Last year UNG was faced with new state auditing policies and guidelines, including those which dictated intense auditing of all IP addresses and a host of other systems data. Michael knew he needed to be able to easily collect, store and keep designated information up-to-date. Not to mention verify backups, maintain security and monitor PCI systems.

In order to meet compliance, Michael and his team had to manually inventory more than 500 servers across two data centers, each running a variety of applications and together supporting a student population of 16,000. Everything had to be updated during semi-annual systems audits which lasted two or three weeks at a time, eating up precious hours.

Sorting this all out manually meant time that no one could afford to waste. Automation was sorely needed. The IT team was using a home-grown resource utilization process written in VBScript. Errors could often be overlooked simply because the IT team didn’t have a total view of their network.

The team even had to manually review email audit reports on a daily basis. They did this to verify that all systems ran the pre-scheduled VBScript that checked for low disk space and non-white listed processes. Because the VBScript was executed only every 30 minutes, there was a large potential for alert gaps in between manual checks.

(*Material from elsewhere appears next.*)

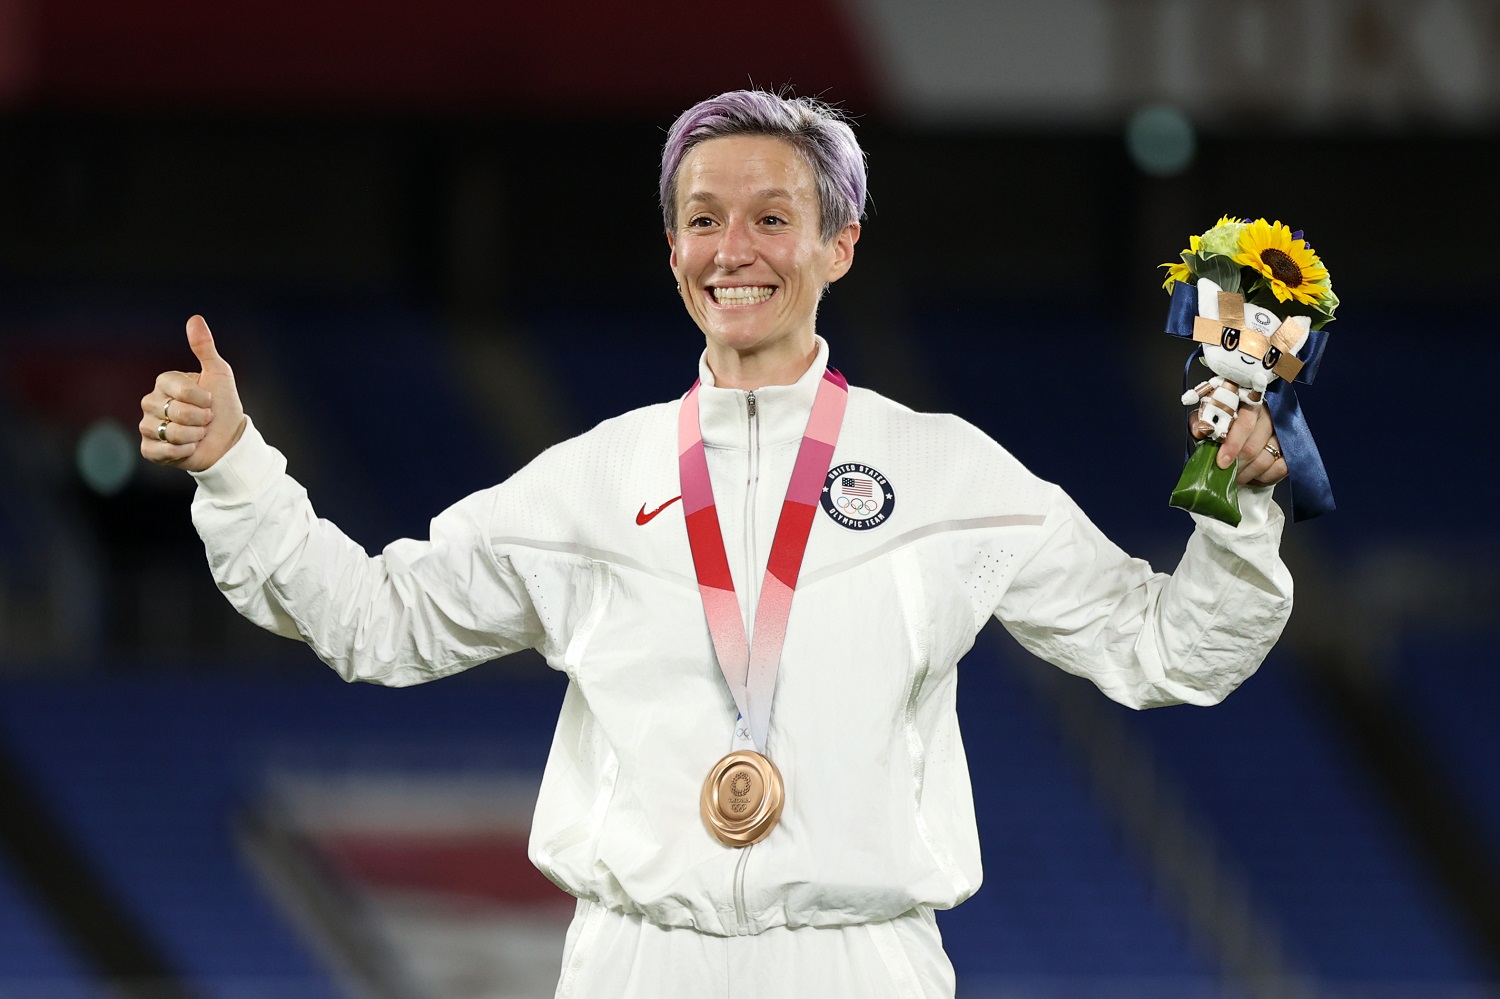 Megan Rapinoe reacts after receiving her bronze medal in the OLympic women's soccer tournament on Aug. 6, 2021.

And with thousands more laptops and mobile devices on the network than before, the lag time in reporting was a big issue. As a result, the IT department never had an accurate, time-stamped vantage point on the network. With such poor insight a small problem could blow into a major outage before the IT team was even aware of it. There was no doubt that automation was required.

UNG Deploys WhatsUp Gold for Automation and Proactivity

To help ease the strain on its IT team, UNG deployed WhatsUp Gold IT monitoring software to automate the audit process and get ahead of network problems before they escalated. Michael used WhatsUp Gold’s SmartScan feature, paired with 2-minute polling interviews across all systems. As a result, new systems get automatically detected and added to the inventory list. Information is pulled to automate the creation of an inventory audit list that includes elements like system name, OS version, CPU, memory, disk space, IP addresses and more.

“Automating systems inventory for all five campuses with WhatsUp Gold generated a lot of excitement within our Systems Engineering team, all the way up to our university’s CISO and CIO, especially with upcoming IT audits.”

- Michael Roth, Senior Systems Engineer, University of North Georgia

shows network health across all five campuses simultaneously. The team can also get reports generated within two minutes when CPU, memory, or low disk space thresholds are exceeded. This allows for a rapid response approach based upon correlations, before a system should become unresponsive.

At the endpoint WhatsUp Gold exports system data into a SharePoint team site that serves as the school’s new fully-automated asset inventory tracking list.

Speaking of that list, Michael and his team have a lot to be proud about because UNG’s systems inventory process is now the state standard among Georgia’s network of 31 institutions. A big mark of achievement for any IT team.